I do not believe this is a fayoumi.

OP, was this a feral bird?


----------



## robin416 (Sep 8, 2013)

@shafferfamilyfarmllc people are asking for more information.


----------



## ChickenMom24 (Feb 14, 2021)

I was just browsing chickens (I know, I know…..need to not be doing that!) and thought of this thread when I saw this pretty girl. Look kinda similar….close anyway. Feather pattern is a bit different.


----------



## fuzzies (Jul 27, 2021)

Definitely need more information before a definitive answer can be given. Where was she seen? Was she in a flock, or was she feral? Do you have any more pictures of her that might show her legs or natural stance and body type?

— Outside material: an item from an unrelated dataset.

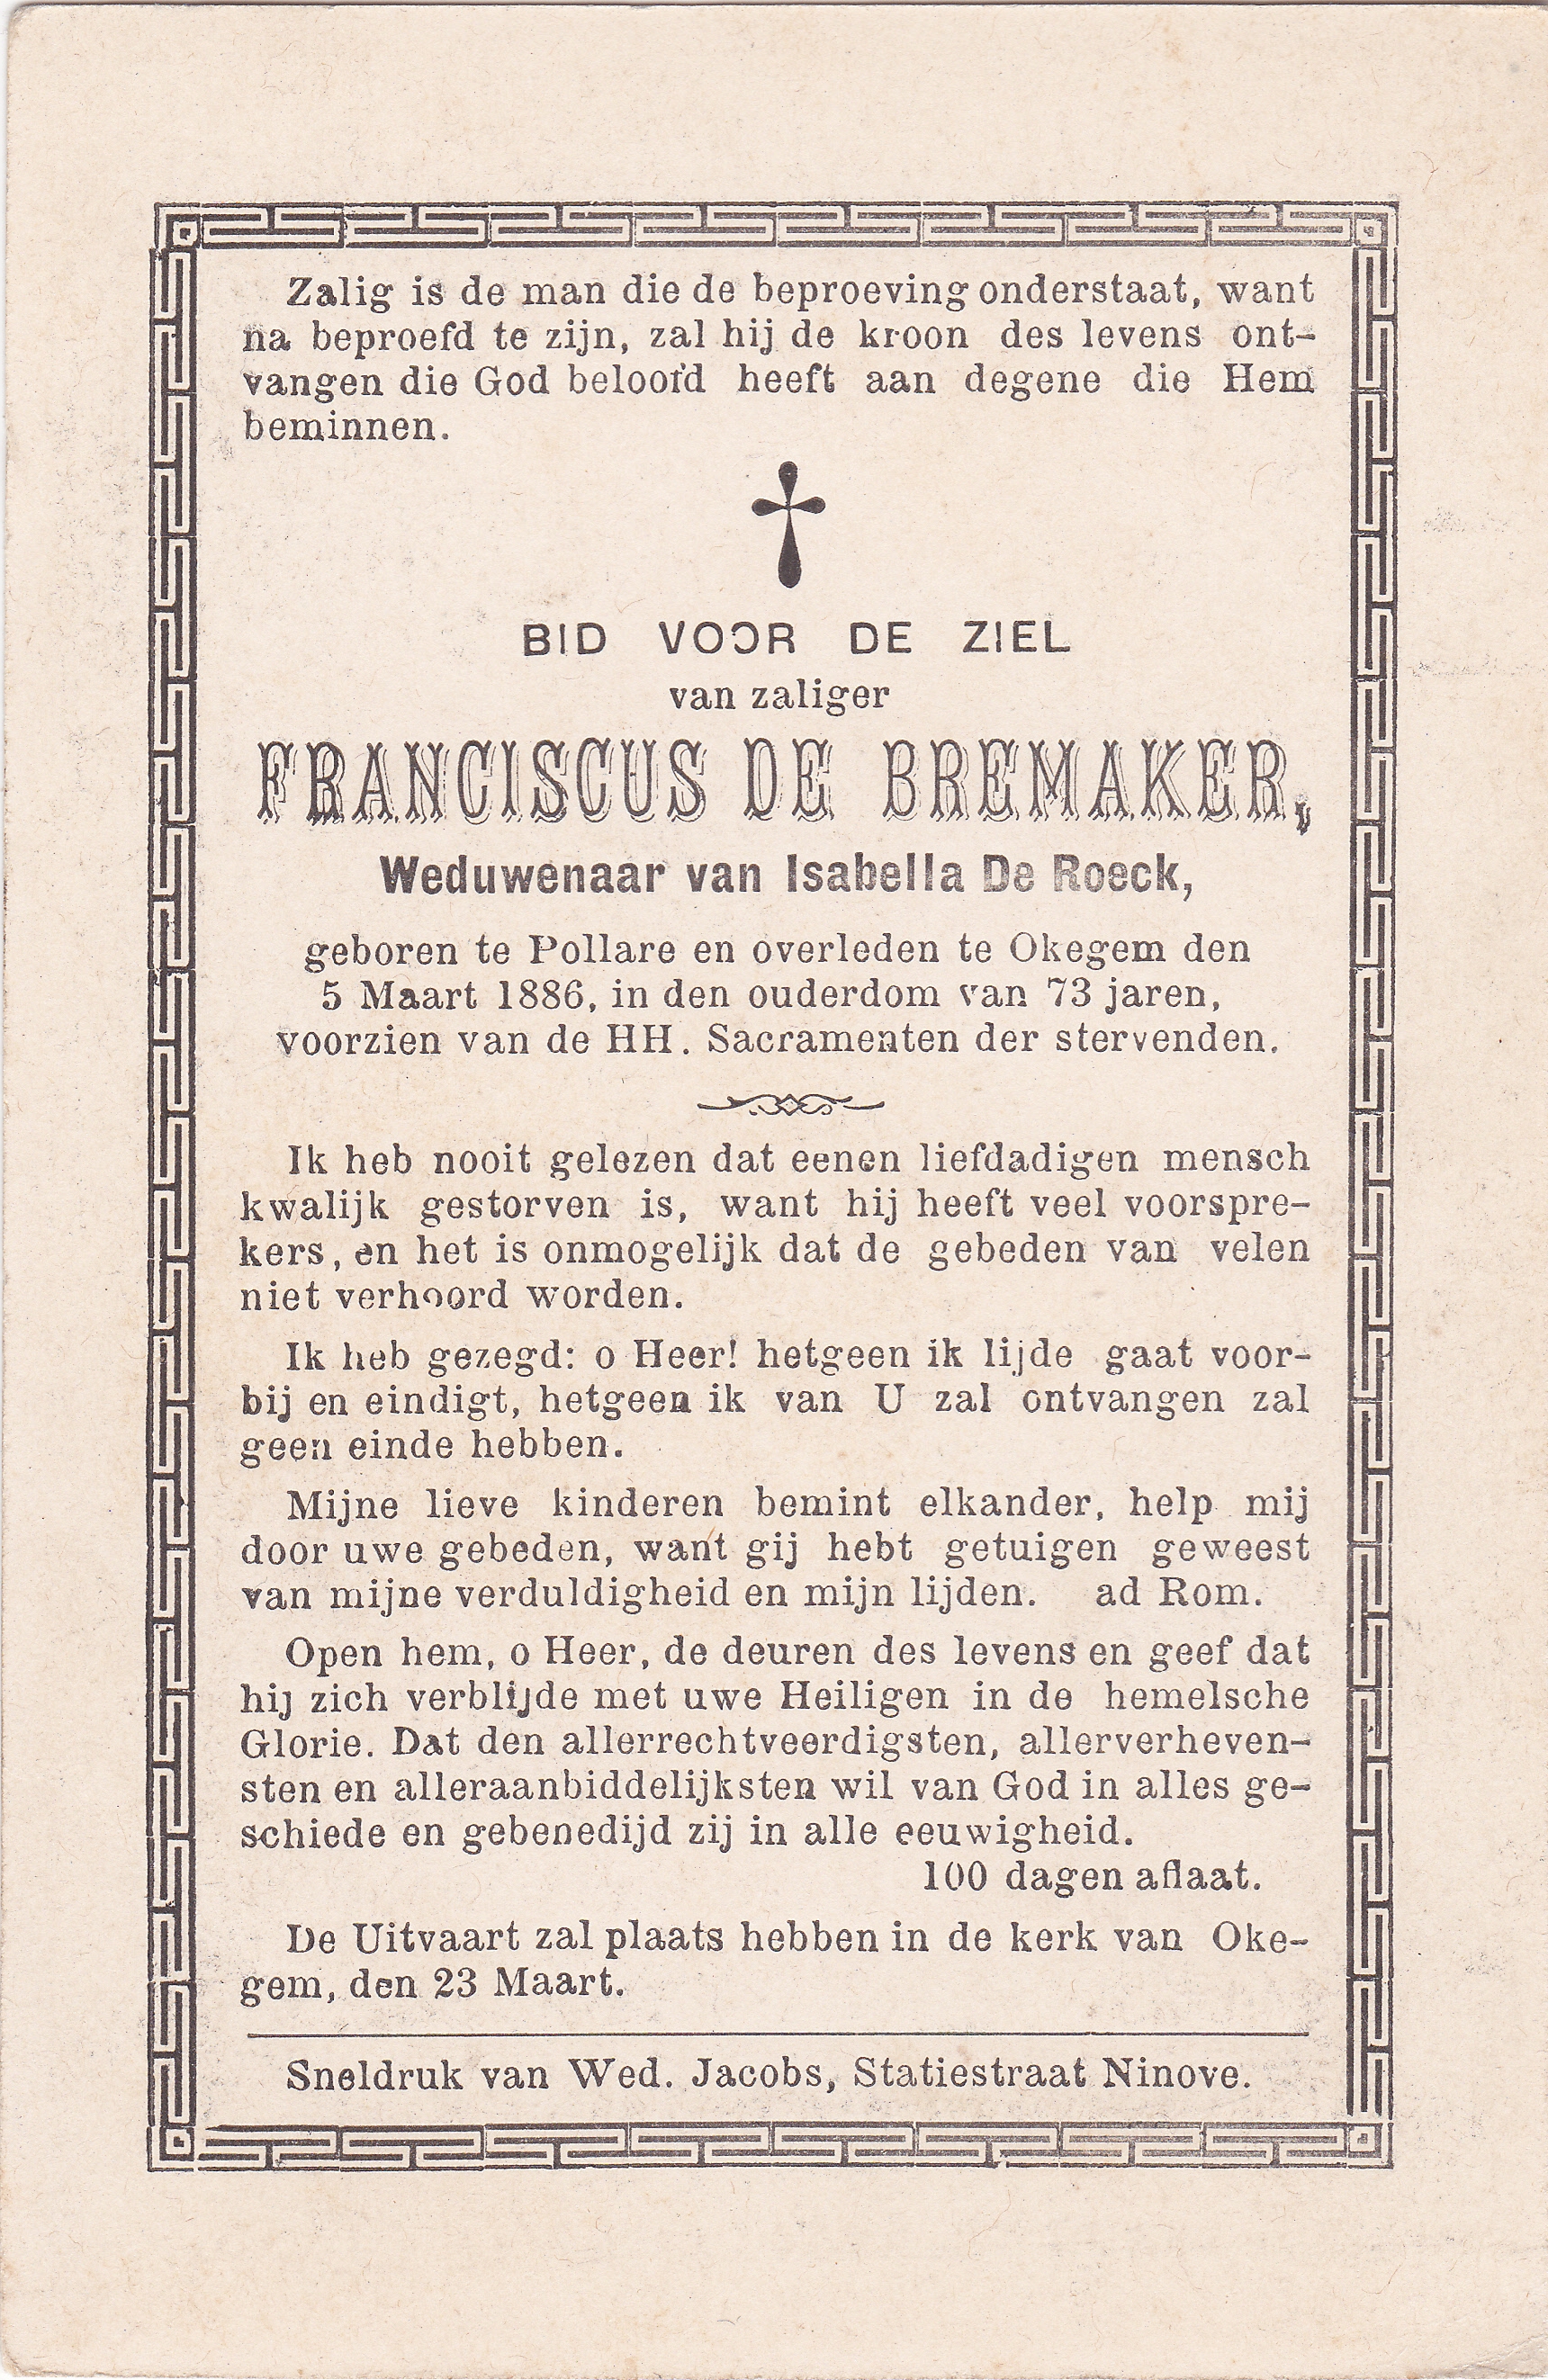 De Bremaker Franciscus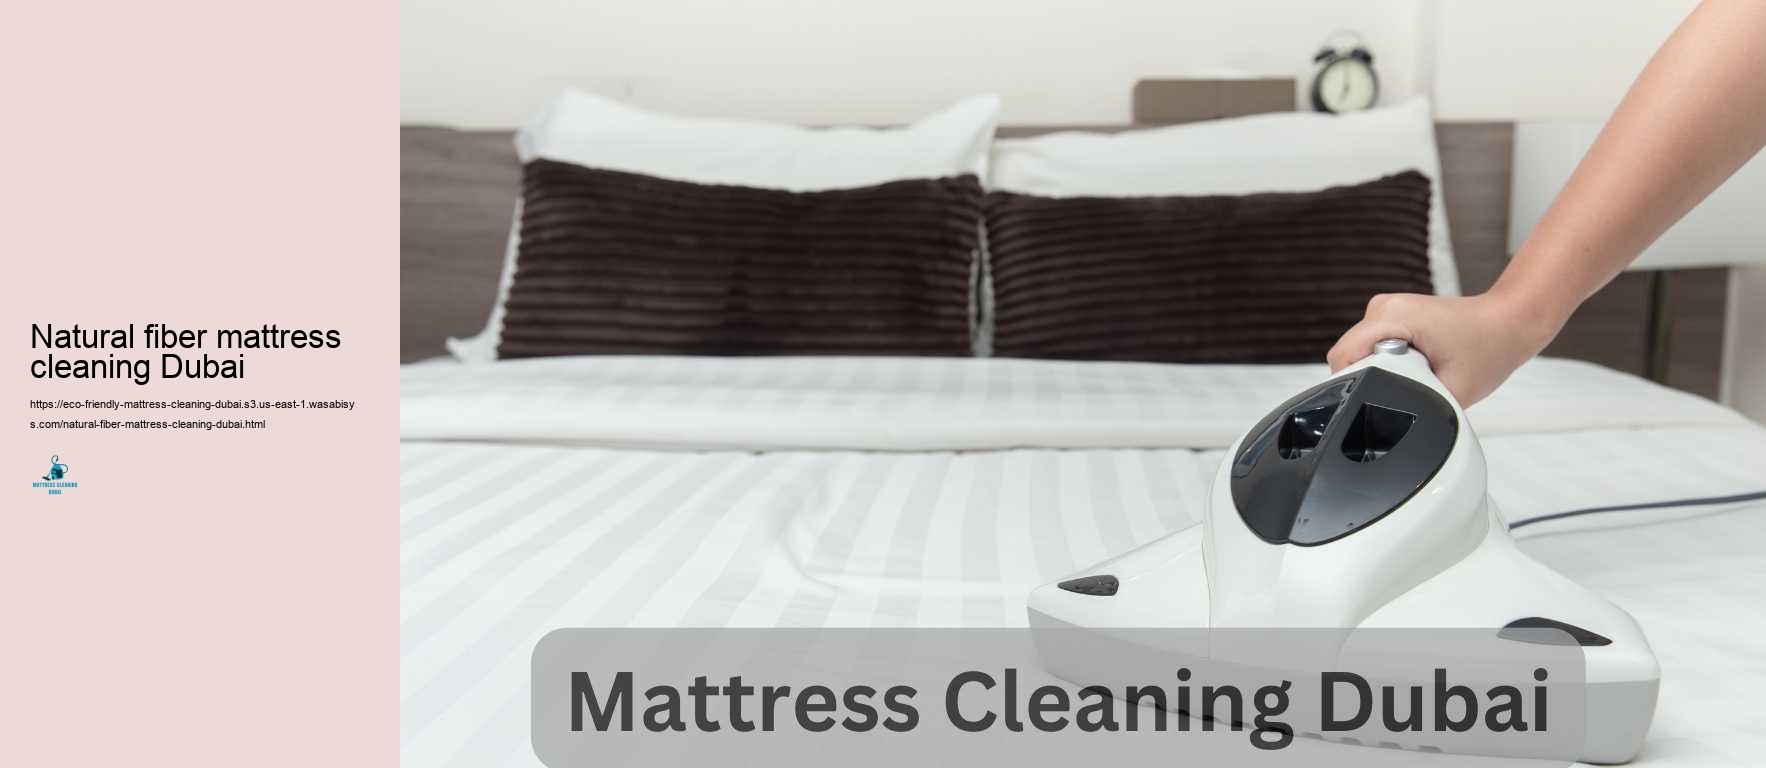 Natural fiber mattress cleaning Dubai

I agree with CB that this doesn't look like a Fayoumi. Fayoumis are transverse pencilled, not multiple lace pencilled like the bird in the original post. The difference is that transverse penciling looks almost like barring, while laced penciling traces the edge of the feather. She's also definitely not a Cochin based on the visible tail feathers; Cochins should have a cushion tail that just looks like a round poof, not distinct tail feathers.

I've seen mixes that resemble this bird, so it's possible that she's simply a barnyard mix. She also strongly resembles an Iowa Blue, but those are _very _rare from my understanding so I wouldn't jump to that right away without knowing more about this bird. I'll reserve making a definitive guess for if more information is supplied.


----------